В шестом эпизоде Иуда предает Иешуа. Эпизоды 1-4 2 части оперы представляют собой открытое и откровенно неравное взаимодействие вечных мифологических антиномий Добра и Зла, не только напоминающее мучительное шествие на Голгофу и Распятие (Добра), символически воплощенное через эпизоды травли Мастера, но и реально их воспроизводящее. Таковыми являются шествие на казнь и сцена казни Иешуа в эпизодах 1, 3 и 5. Высшей метафорой-идеей оперы становится идея смерти (Творца, Художника) как единственный путь к освобождению его духа.
Процесс развития оперы “Видения Иоанна Грозного” также основан на ключевых моментах христианского мифа. Сначала символично противопоставлены Видения, символизирующие вечные мифологические антиномии Добро (новгородские сцены) и Зло (Иоанн и его окружение). В Видении №9 Петр Волынец (Иуда) предает новгородцев. В результате в Видении 11 мифологические вечные антиномии Добро и Зло, как и в “Мастере и Маргарите”, вступают в открытое и откровенно неравное взаимодействие, напоминающее библейское шествие на Голгофу и Распятие, воплощенное через издевательства и зверства опричников над Архиепископом новгородским и новгородцами. Это взаимодействие заканчивается, в итоге, гибелью и стиранием с лица земли вольного Великого Новгорода (мифологической категории “Добро”).
Окончание оперы (Эпилог №3) выстроено также в соответствии с идеями христианского мифа и представляет собой отражение идеи Восхождения мифологической категории Добра к Небесной Руси и Нисхождение мифологической категории Зла в геенну Огненную (Ад).

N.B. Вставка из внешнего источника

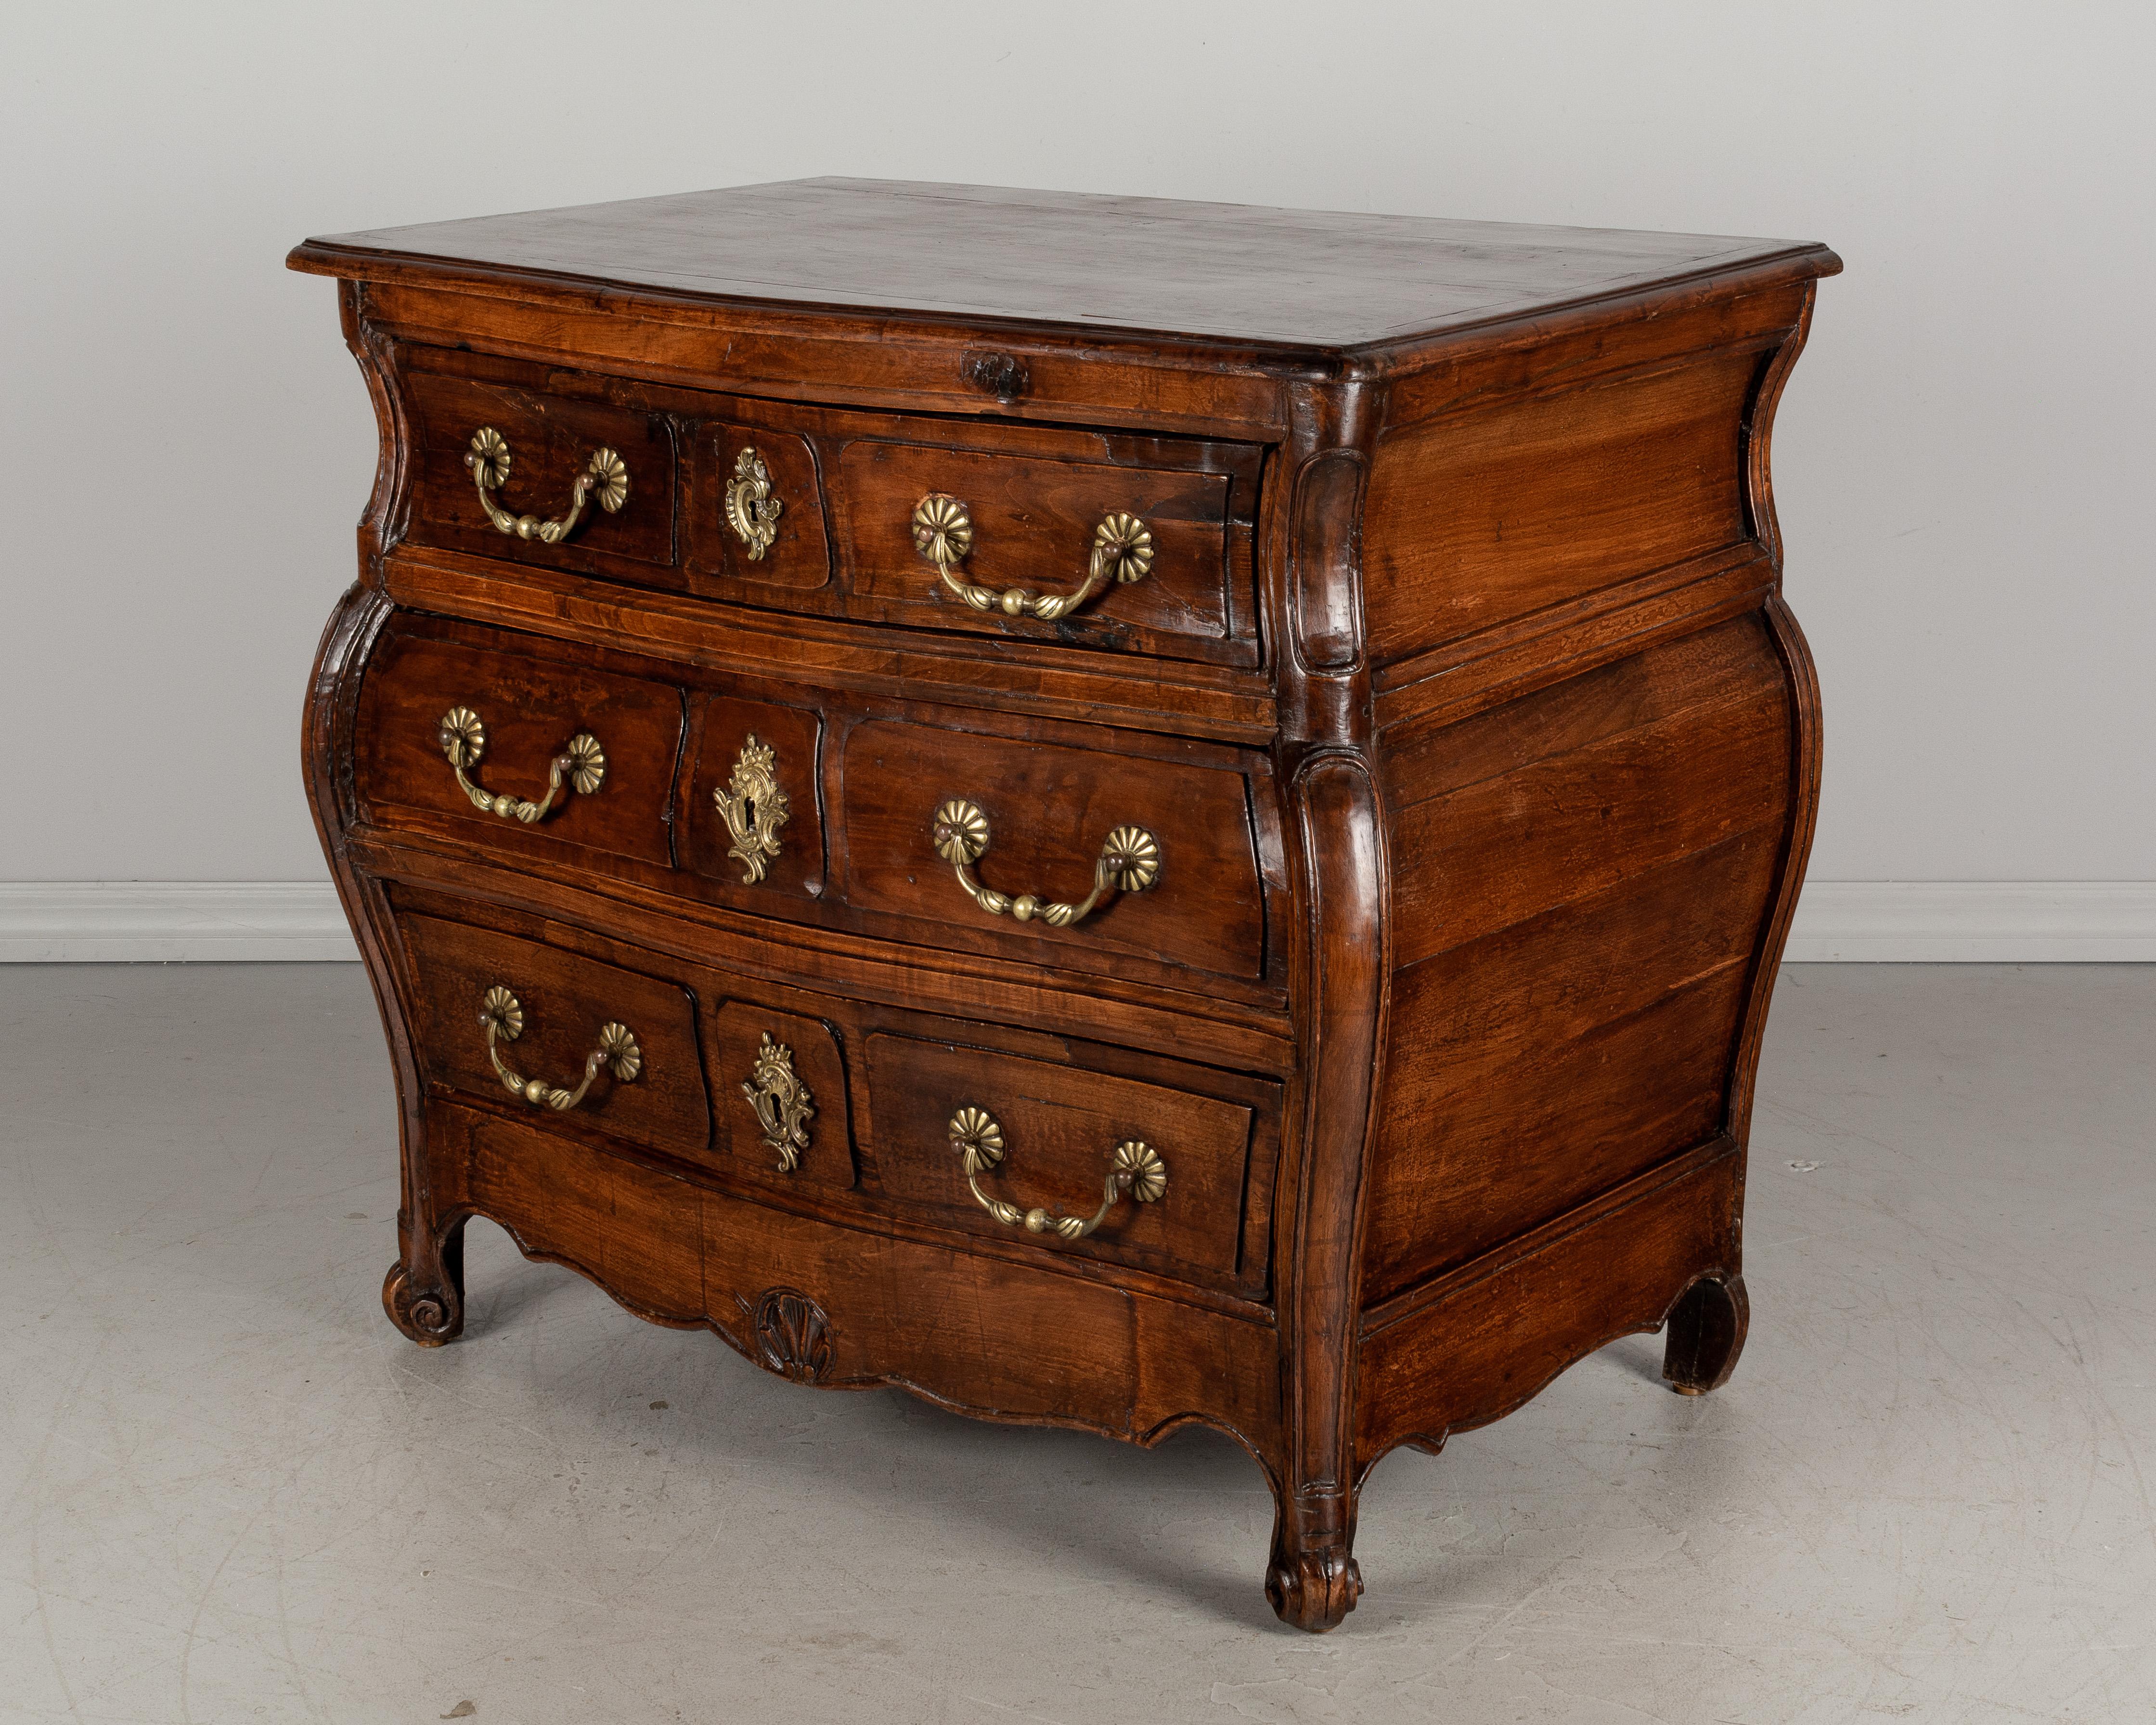 An 18th century French Louis XV style commode, or chest of drawers, from the Bordeaux region made of solid cherry wood. Small in scale with nice proportions and bombé form. Three dovetailed drawers with fabric lining. Original bronze hardware.

Сам процесс развития оперы двигается сначала в вертикальном сопряжении известных фундаментальных мифологических антиномий “Низ” (Зло) – “Верх” (Добро), проявляясь в полярном чередовании резко контрастных картин Мира Реального и Мира Идеального в первом действии. Далее (Видение 11) он переходит в горизонтальную плоскость, когда оба мира – Идеальный и Реальный существуют уже одновременно в едином времени. Таким образом, процесс развития оперы в целом образует крест[11]:
Верх
Верх и Низ
Низ
В самом конце оперы, в финале, мифологические антиномии “Верх” и “Низ” опять переходят в вертикальную плоскость (Восхождение праведников к Небесной Руси и Нисхождение Иоанна в геенну огненную). Крест, в данном случае, может символизировать движение, Путь русской духовности, парадоксально объединяющей в себе полярно контрастные полюса. Такими полюсами являются известные мифологические антиномии “Верх” (Добро) и “Низ” (Зло).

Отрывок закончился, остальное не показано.